Corporate Certainty and Sciencism

And then there is this, the juxtaposition of scientific uncertainty and the vast complexity of natural physiology with corporate trollism and astroturfing. These are paid propagandists and digital social bots, whose only task is to dismantle all doubt about their products under the auspices of ‘scientific certainty’. The human trolls spend hours upon hours on social media, responding to each and every critique of their product or their issue. The digital social bots respond by algorithm. Each does its damage by attacking anyone, personally and professionally, who dares question the certainty of their science.

Take a gander at this particular message board where the risks of the HPV vaccine of were discussed in advance of a talk show. Whether you are pro or anti-vaccine is of no import. Indeed, not even the topic or the host of the board is important. The same pattern of corporate trollism can be viewed with any potentially dangerous, but hugely profitable, product or issue. It is the method of corporate trollism that is important to observe. See if you can identify the trolls paid by industry. There are at least five. They attack the veracity of the patient experience. They attack parents whose children died. They proclaim scientific certainty. No evidence to the contrary will shake their stance. No comment will be left un-argued.

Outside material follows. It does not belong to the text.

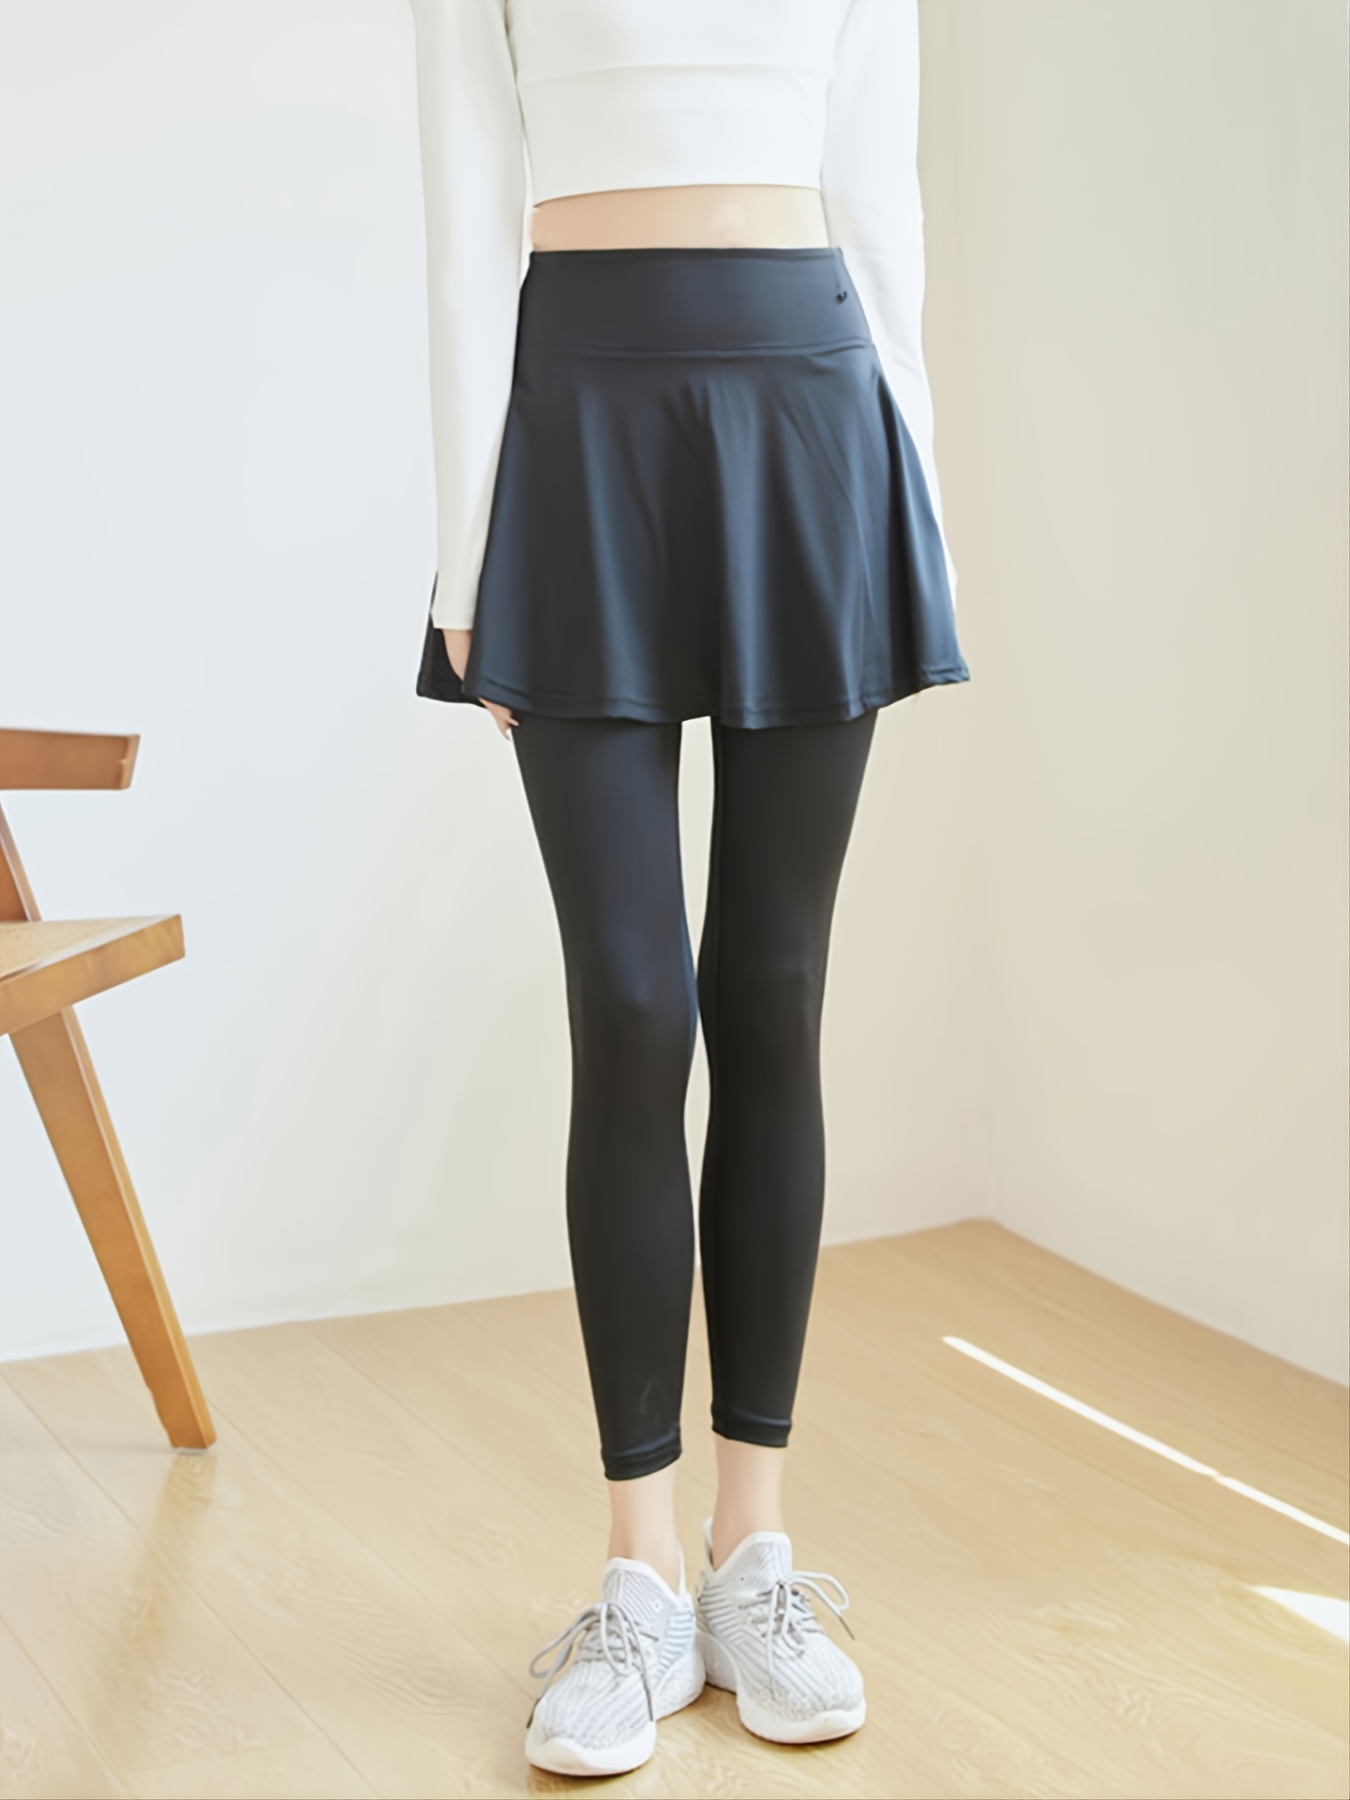 Skeggings Skirted Leggings Asymmetric Skirt Active Wear Yoga Super

On Sciencism and Being Galileo’d

If you have watched the videos and perused the message board, I bet you’re thinking what the heck do all three examples have to do with each other?  Perhaps nothing, perhaps everything.

On the one hand, I was in awe of the brilliant complexity that is nature – the nano architecture of the butterfly wings is mind blowing. I was humbled. Listening to Dr. Firestein I was reminded of how wonderful it is have such immensely complicated puzzles to investigate. Science is, at its most fundamental, a quest for understanding. If all is certain, science is dead.

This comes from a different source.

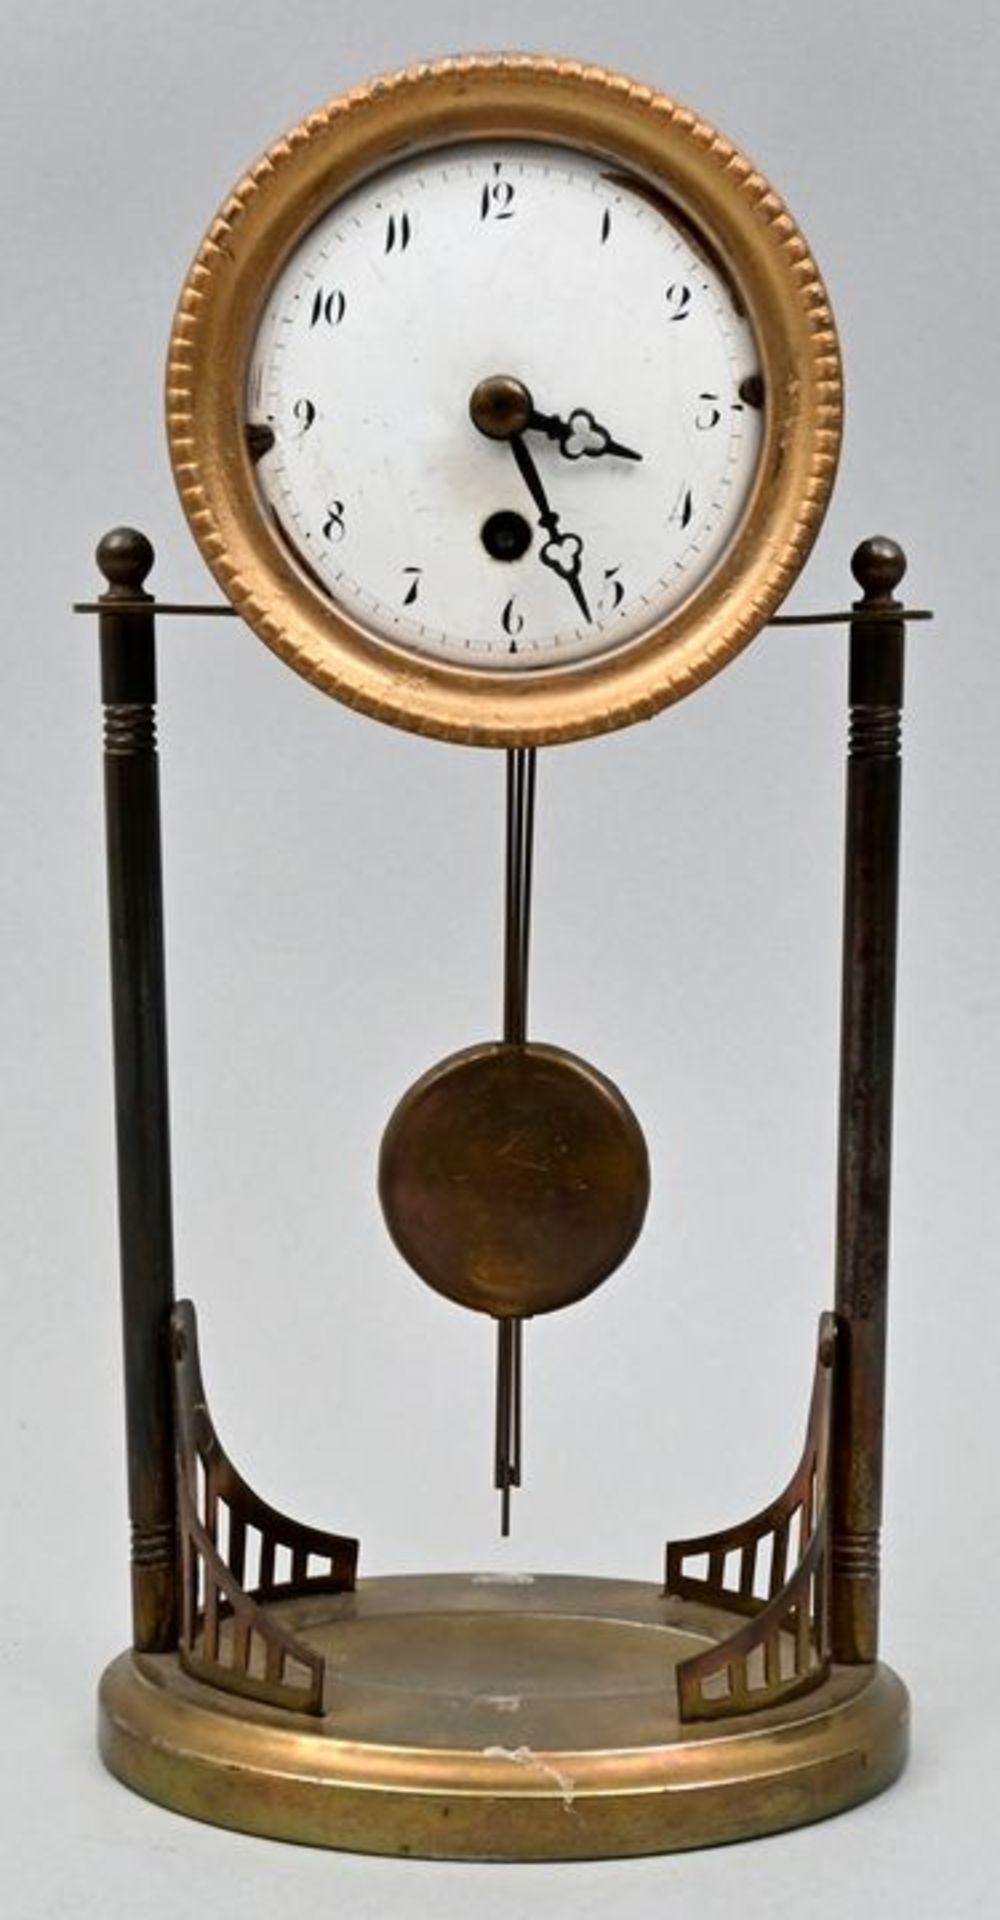 Tischuhr / Table clock

On the other hand, I was and continue to be, angered by what I see happening in corporate science or as I like to call it, sciencism. This strict adherence to, and indeed enforcement of, a consensus based understanding of reality, one that happens to correspond perfectly with product profit potential, is everything science is not. There is no humility there; only hubris and the certainty necessary to cudgel perceived detractors. And though there have always been forces that seek to derail discovery, especially when core ideologies are at stake, the Church versus Galileo, for example, the added impetus of billions of dollars in profits combined with the public slaying of patients, scientists and other contrarians, seems new.

Then again, maybe it’s not. Maybe we’re being Galileo’d by the high priests of industry-sponsored, media-supported, politically-ordained sciencism. Maybe only the players have changed.